Adam Wickline and Corie Charpentier rinsing down the zooplankton sample after the plankton net has been recovered (Credit: Heather Cronin)
There has been little work done to study zooplankton in Delaware Bay Estuary in the past 60 years. The last comprehensive effort was completed in 1953 by researcher Joanne Daiber at the University of Delaware.
With more study needed, present-day researchers in UD’s College of Earth, Ocean and Environment are undertaking zooplankton surveys in the estuary this year. They’re using net tows, a YSI 6600 water quality sonde and imaging software to amass a visual library of zooplankton that will help future scientists. As the image library expands, water quality data that are collected along the way will reveal what changes the estuary is seeing from climate change.
And there is an old friend helping them too – the work they’re completing is being carried out on the R/V Joanne Daiber. “It’s neat that the boat that we’re using was christened in her name and that we’re doing a reassessment of her study in the bay,” said Jonathan Cohen, assistant professor of marine biosciences at the University of Delaware and principal investigator on the project. But he points out the estuary is pretty neat itself, and is affected by many different land uses.
At several points along its banks, lands are urbanized. Near Philadelphia, runoff from oil operations flows in. But if you go a little further down the bay, large sections of coast are undeveloped, protected by refuges or held in marshy park lands.
Studying the estuary is no walk in the park, but zooplankton, which are an important member of the food chain, provide a good snapshot of its health. “There’s a significant fisheries concern that relies on zooplankton,” said Cohen. “What we want to find out is: Can we develop tools that will allow for quicker assessment of the larvae of zooplankton?”
A great deal of the work depends on net tows to bring up zooplankton. Cohen and graduate student Adam Wickline are using 200-micron bongo nets with flow meters on them.

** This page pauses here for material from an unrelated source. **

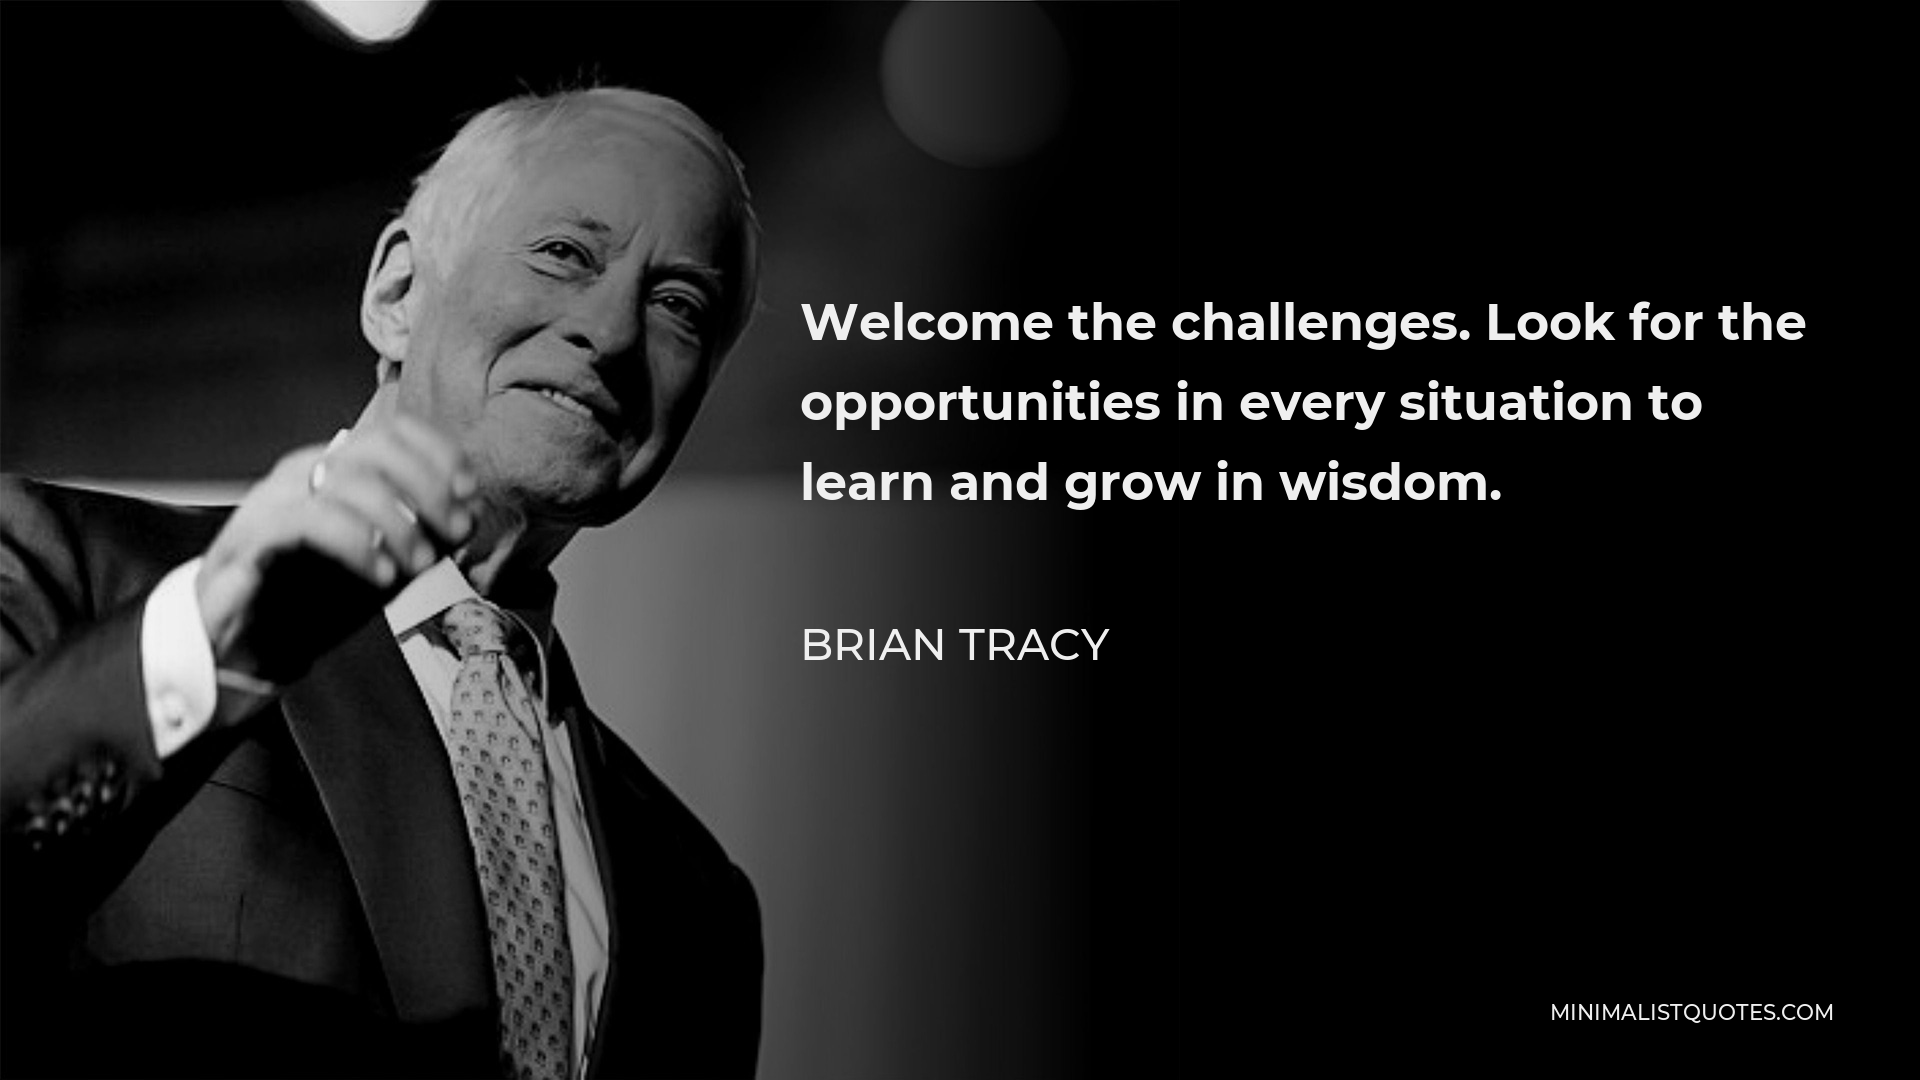 Brian Tracy Quote - Welcome the challenges. Look for the opportunities in every situation to learn and grow in wisdom.

The nets are deployed about five meters off the bay’s bottom. Using a little geometry, they’re able to take the water’s angle and the net line to find water depth.
The zooplankton they pull up are analyzed and then imaged by a ZooScan optical instrument. Using the library of images that have been amassed so far, pattern-recognition software sifts through the bulk to identify zooplankton types.
“We’re comparing the unknown to the known,” said Cohen. “If we can have a semi-autonomous database for the bay, maybe we can expand it to other bays.” And that, Cohen says, would save other researchers a lot of time. Plus, those using the tool wouldn’t need to be trained experts to identify zooplankton – the database could do it for them.
Alongside the zooplankton tows, Cohen and Wickline are using the YSI 6600 sonde to look at temperature, salinity, turbidity, dissolved oxygen and chlorophyll-a.
“After we finish the net tows, we cast a cage that has the sonde and a hyperspectral radiometer that gives us measurements of downwelling irradiance,” said Cohen. “We’re interested in the light climate throughout the bay because they (zooplankton) vertically migrate up to feed when the sun is down and down when the sun is up.”
Levels of chlorophyll-a are important to measure because that’s what zooplankton eat, and Cohen says measurements collected by the sonde will help with other investigations at the university.
“We’re in the early stages of developing a library and getting the ZooScan system going,” said Cohen. And there are few expectations for what they’ll find. “In terms of the gelatinous zooplankton, we may see an increase.”
All the work will inform researchers of changes occurring in the bay. “This can give us a baseline for where we are,” said Cohen. “If we can have this done now, it puts us in a nice position to see how zooplankton are impacted by climate change in this region.”
Funding for the project is provided by the National Oceanic and Atmospheric Administration through Delaware Sea Grant.